何故、彼らがここまで態度を変えるか……それには理由があった、
元来、ネコ族というのは四足で歩いていた遥か昔から、カツオブシと言うものには目が無く、
彼らにとってマタタビ、マグロに並ぶ嗜好品として珍重されている。

そう、私は迂闊にも、それが家に沢山余ってる事を口にしてしまったのだ。


「別にカツオブシが欲しいって訳じゃないんです、
ただ、泊瀬谷先生の折角のお礼を無駄にさせたくないと言う親切心で言っているまでで」
「取りあえず、わしとしては削り節をたっぷりと乗せた冷奴を食べたいのだがな」
「ねーね―、獅子宮先生、私もカツオブシが欲しいニャ―」
「コレッタ、こう言う時は直接言うんじゃなくて遠まわしに欲しいと伝えるんだニャ。
そう言う訳でアイパッチの先生、捨てるならあたしにくれニャ」
「コーヒーばかり飲んでると、偶に別の物を食べたくなる時があってな、特に乾物が恋しくなる時がある」

気が付けば、私は欲望剥き出しのネコ達に周囲をぐるりと取り囲まれていた。
その異常な状況に、私は思わず助けを求める様に泊瀬谷の方へ視線を向けるが、

「………?」

当の彼女は、何故こうなったのかを理解していないらしく。

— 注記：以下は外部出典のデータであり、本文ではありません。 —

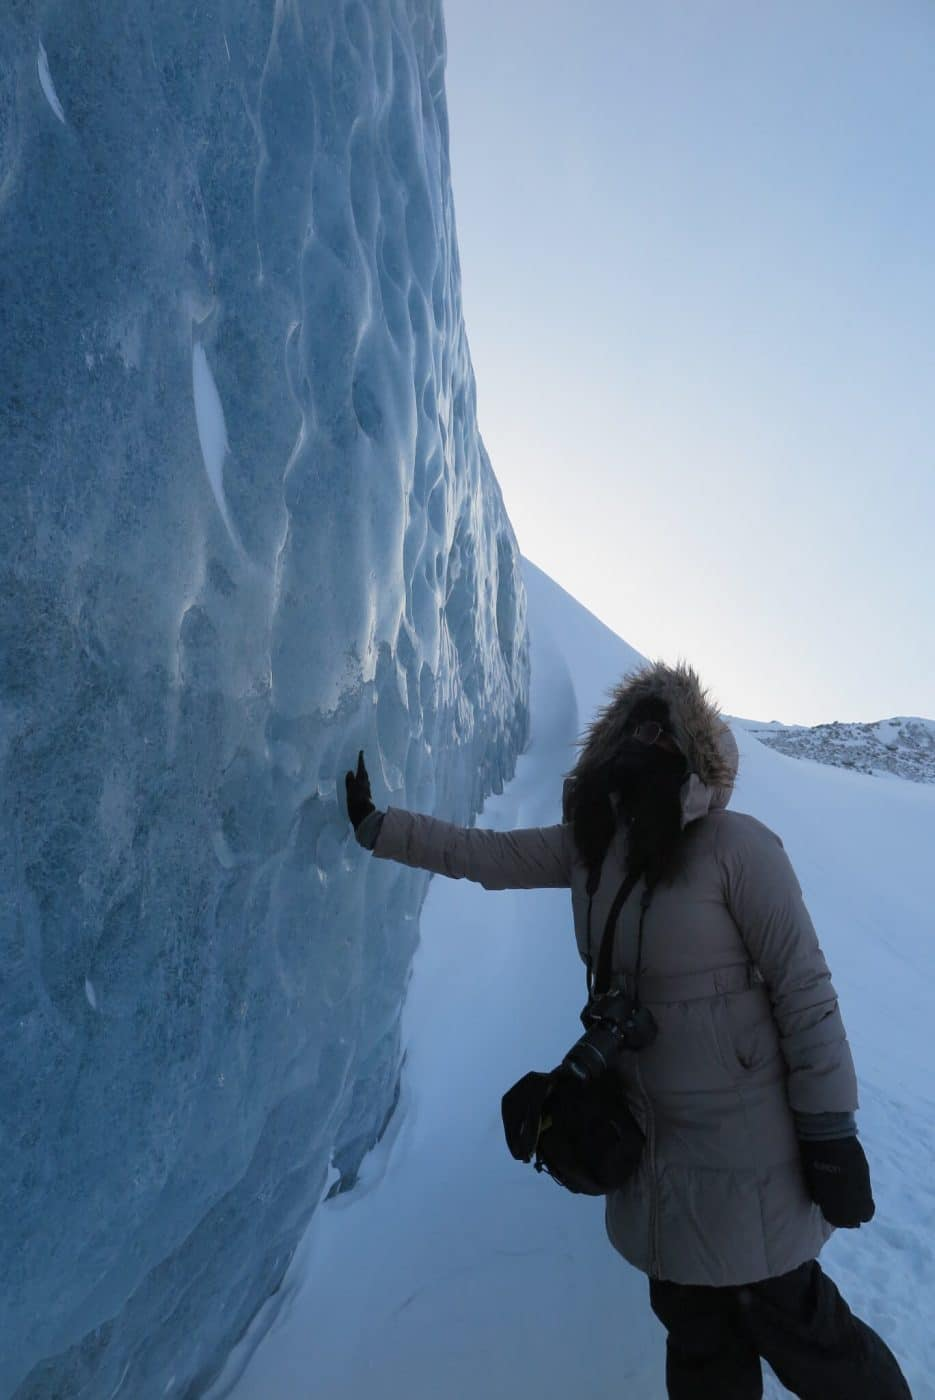 Greenland Ice Sheet. Ilulissat. Photo by Vibha Dania-Dhawan

うろたえる私を物珍しそうに眺めていた。
最期の逃げ場すら失い、追い詰められた私は周りを振り払う様に叫ぶ。

「分かった、後でカツオブシを配ってやるから、いい加減私に恥をかかせないでくれ!」


――結局、私が煙草を買い忘れた事に気付くのは、
目をぎらぎらと輝かせたネコ族達を何とか説得し、ほうほうのていで公園から逃げ帰った後の事である。


もし、深夜のとある公園で、ネコ族へカツオブシを配って周る獅子族の女を見たのなら。
その事は誰にも伝えず、心の奥底へそっと仕舞って欲しい。……私からのお願いだ。